The chief of the United Nations' food programme has warned of a "full-blown famine" in northern Gaza and reiterated calls for a ceasefire in Israel's war against Hamas.
"It’s horror," Cindy McCain, executive director of the World Food Programme (WFP) told NBC's "Meet the Press” in an interview to air on Sunday. "There is famine — full-blown famine — in the north, and it’s moving its way south."
"What we are asking for and what we've continually asked for is a ceasefire and the ability to have unfettered access to get in safe... into Gaza — various ports, various gate crossings," McCain continued.
She said a ceasefire and a greatly increased flow of aid through land and sea routes was essential to confronting the growing humanitarian catastrophe in Gaza, home to 2.3 million people.
The World Food Programme is one of the many humanitarian groups trying to get aid into Gaza.
The World Health Organisation said on Friday that the availability of food in the Gaza Strip has very slightly improved, though the risk of famine continues in the besieged Palestinian territory.
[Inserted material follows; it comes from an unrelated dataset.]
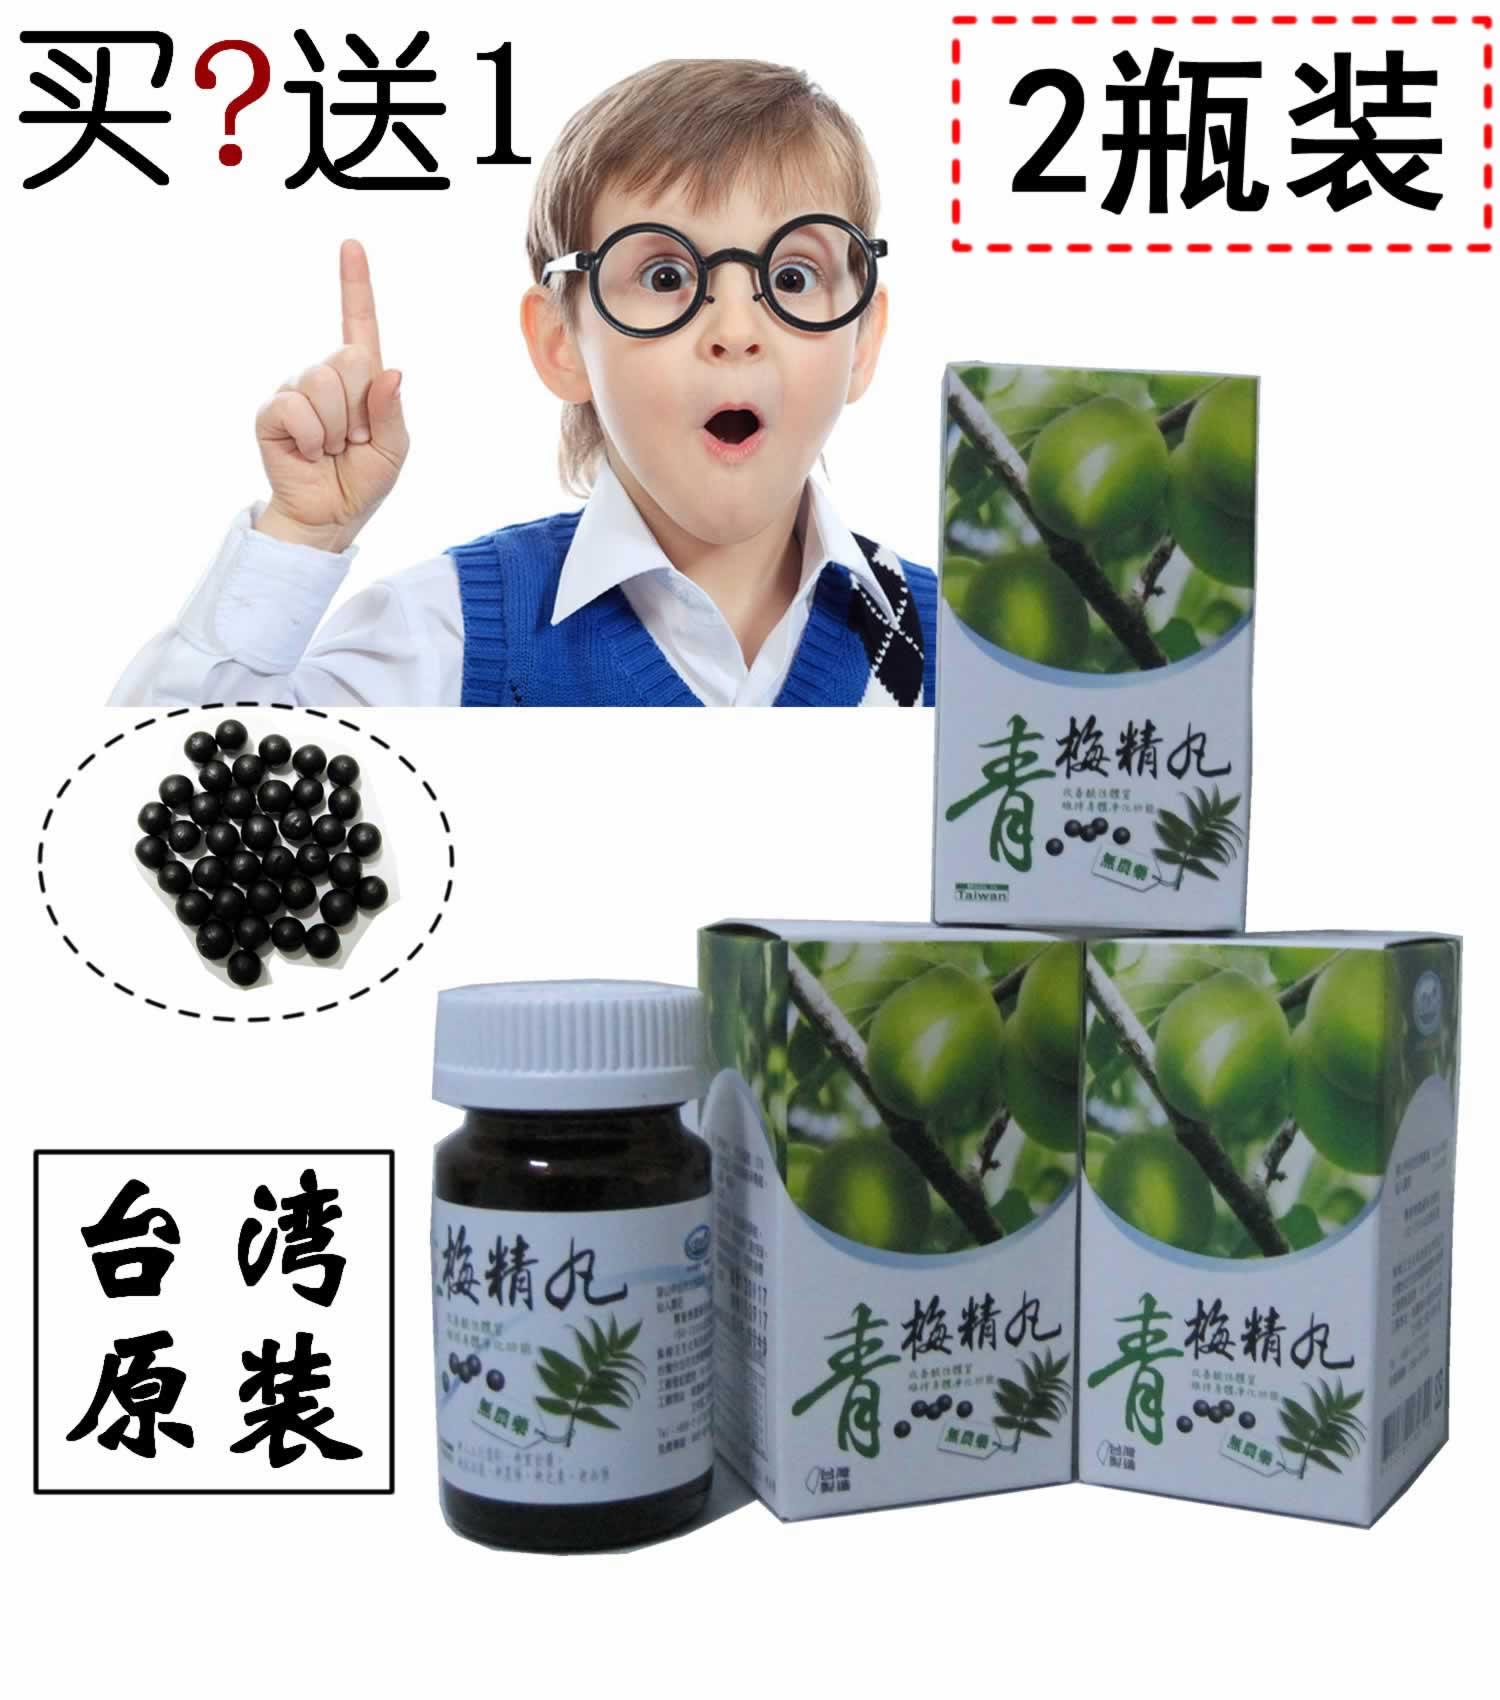 2瓶台湾进口紫梅王青梅精丸浓缩梅子精华强碱性食品炼梅锭180粒

The aid agencies blame the trickle of essential food into the Palestinian enclave on restrictions and inspections imposed by Israel.
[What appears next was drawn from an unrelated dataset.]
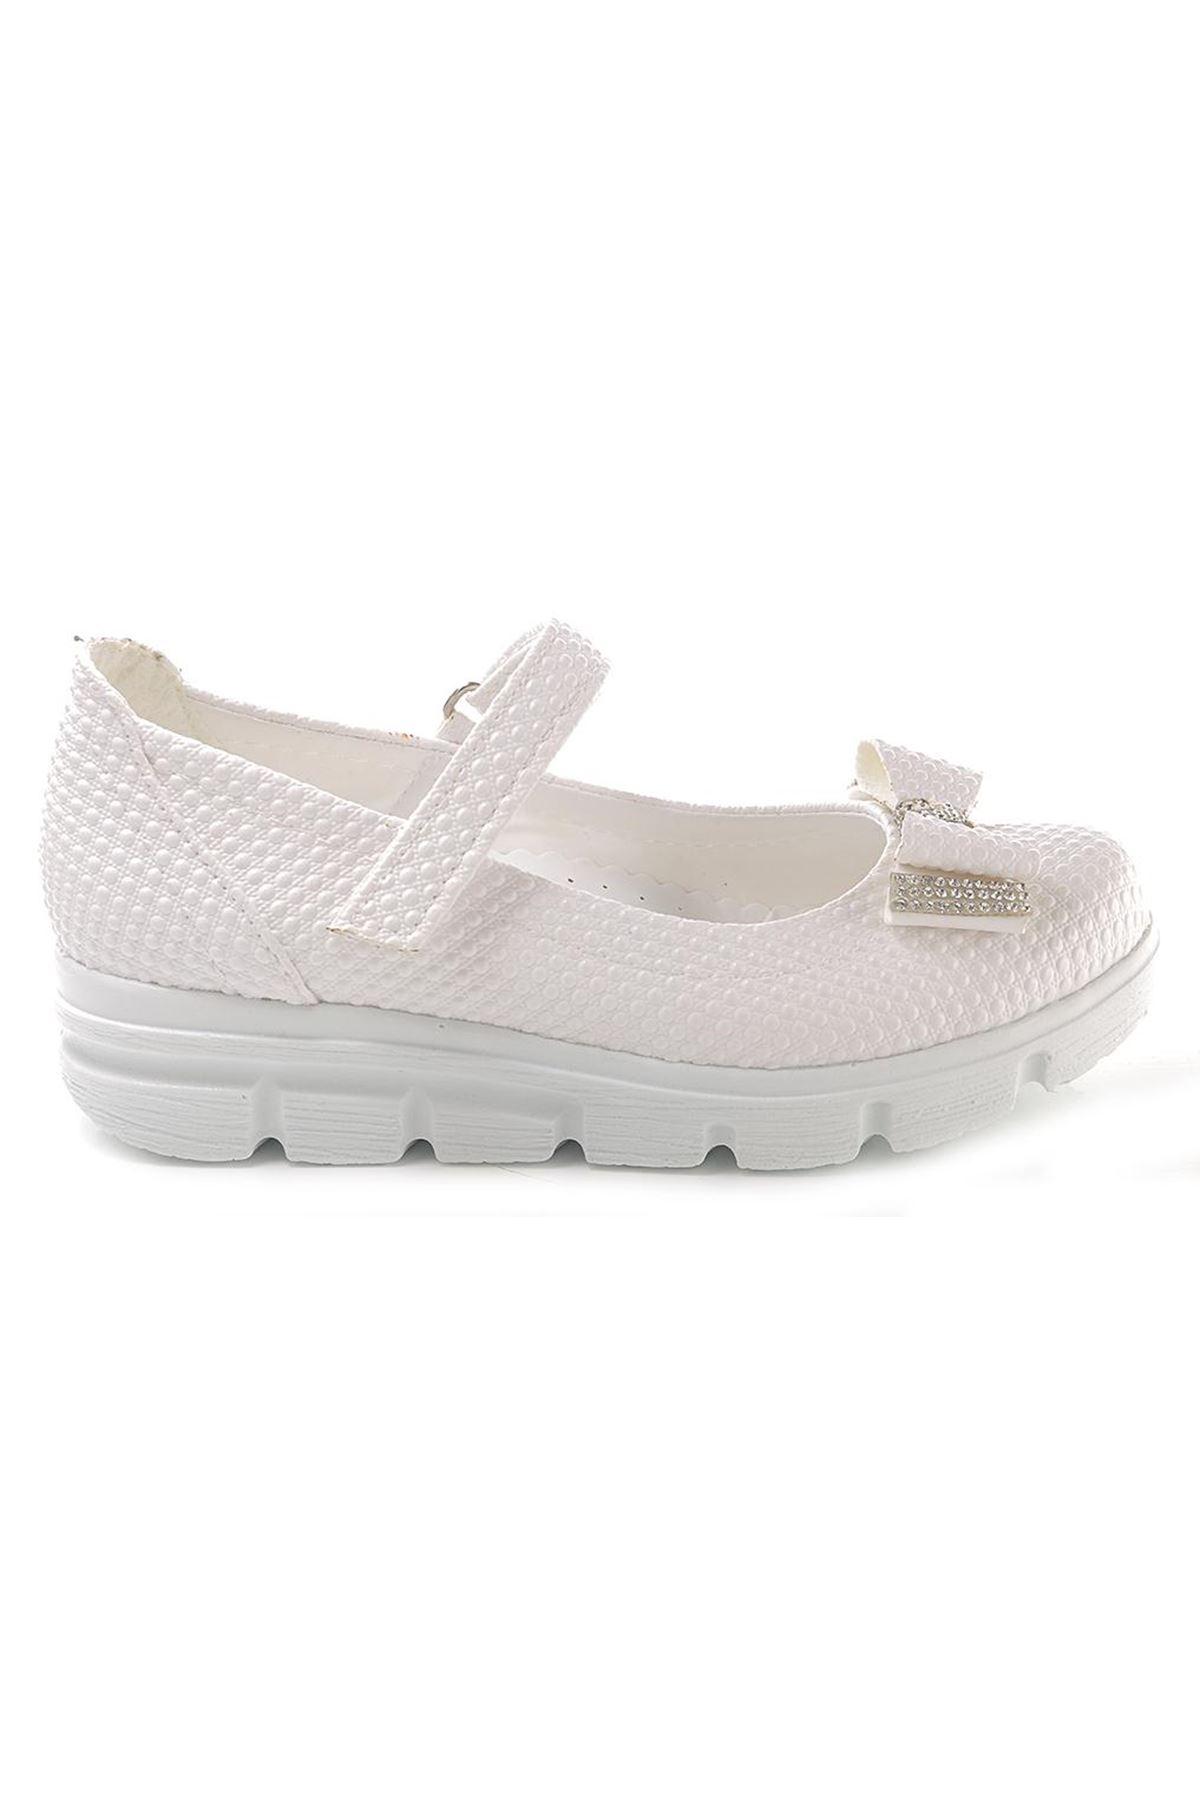 Kids World Beyaz Kalın Taban Çocuk Ayakkabı

In Gaza, the nutritional treatment for starving children is most urgently needed in the northern part of the Palestinian territory. Civilians have been cut off from most aid supplies, bombarded by Israeli airstrikes and driven into hiding by fighting.
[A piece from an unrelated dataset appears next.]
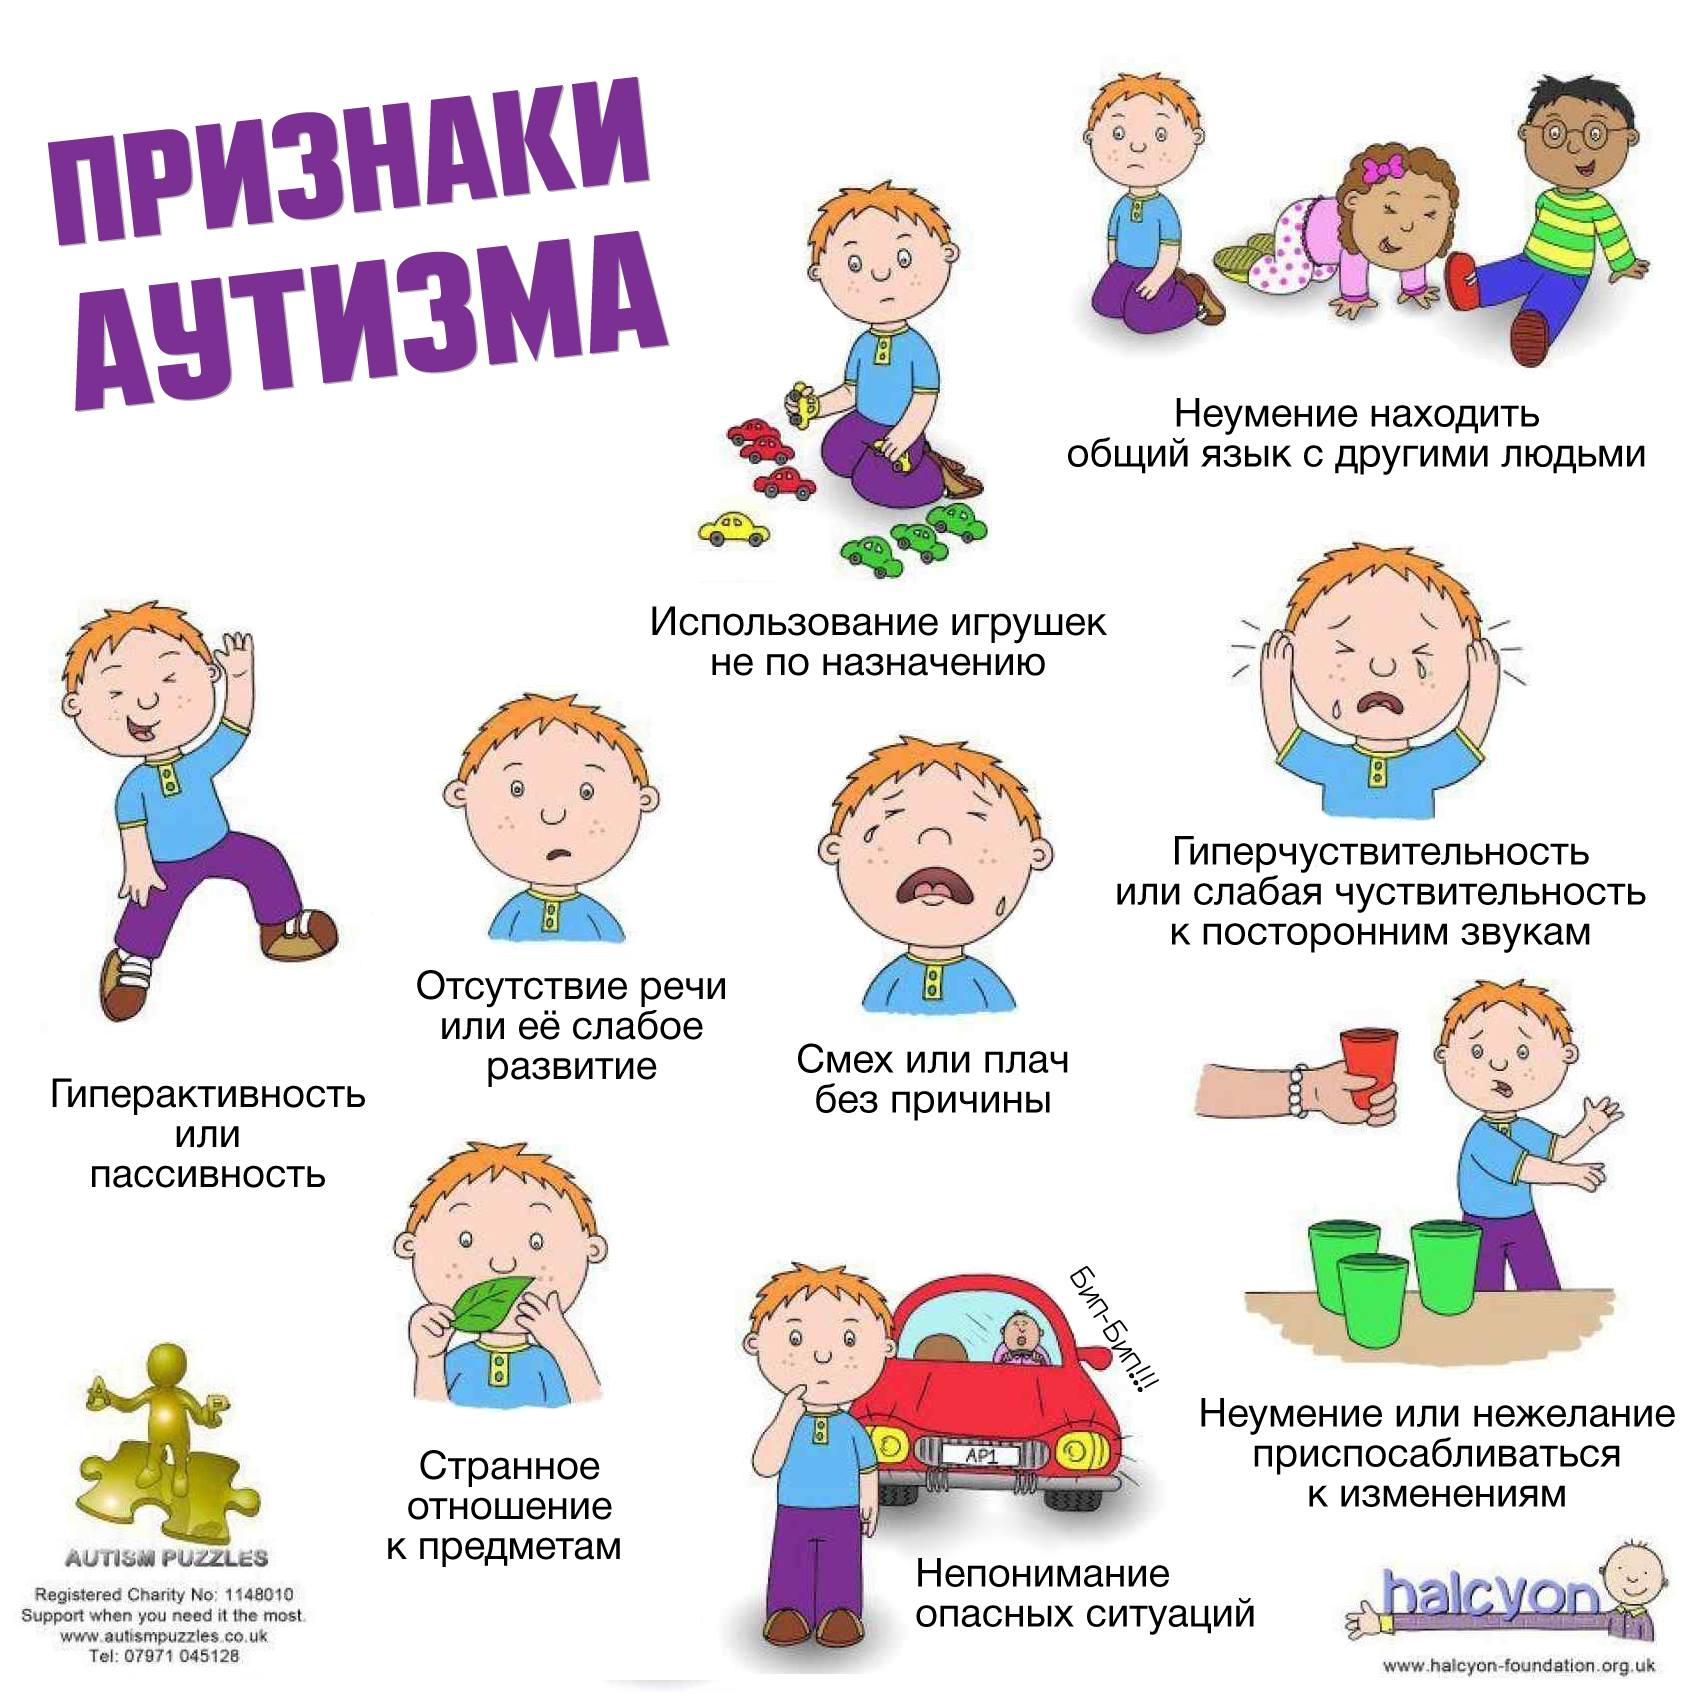 Аутизм: что это такое?

Acute malnutrition rates there among children under 5 have surged from 1% before the war to 30% five months later, the USAID official said. The official called it the fastest such climb in hunger in recent history, more than in grave conflicts and food shortages in Somalia or South Sudan.
Saving the gravely malnourished children in particular requires both greatly increased deliveries of aid and sustained calm in fighting, the official said, so that aid workers can set up treatment facilities around the territory and families can safely bring children in for the sustained treatment needed.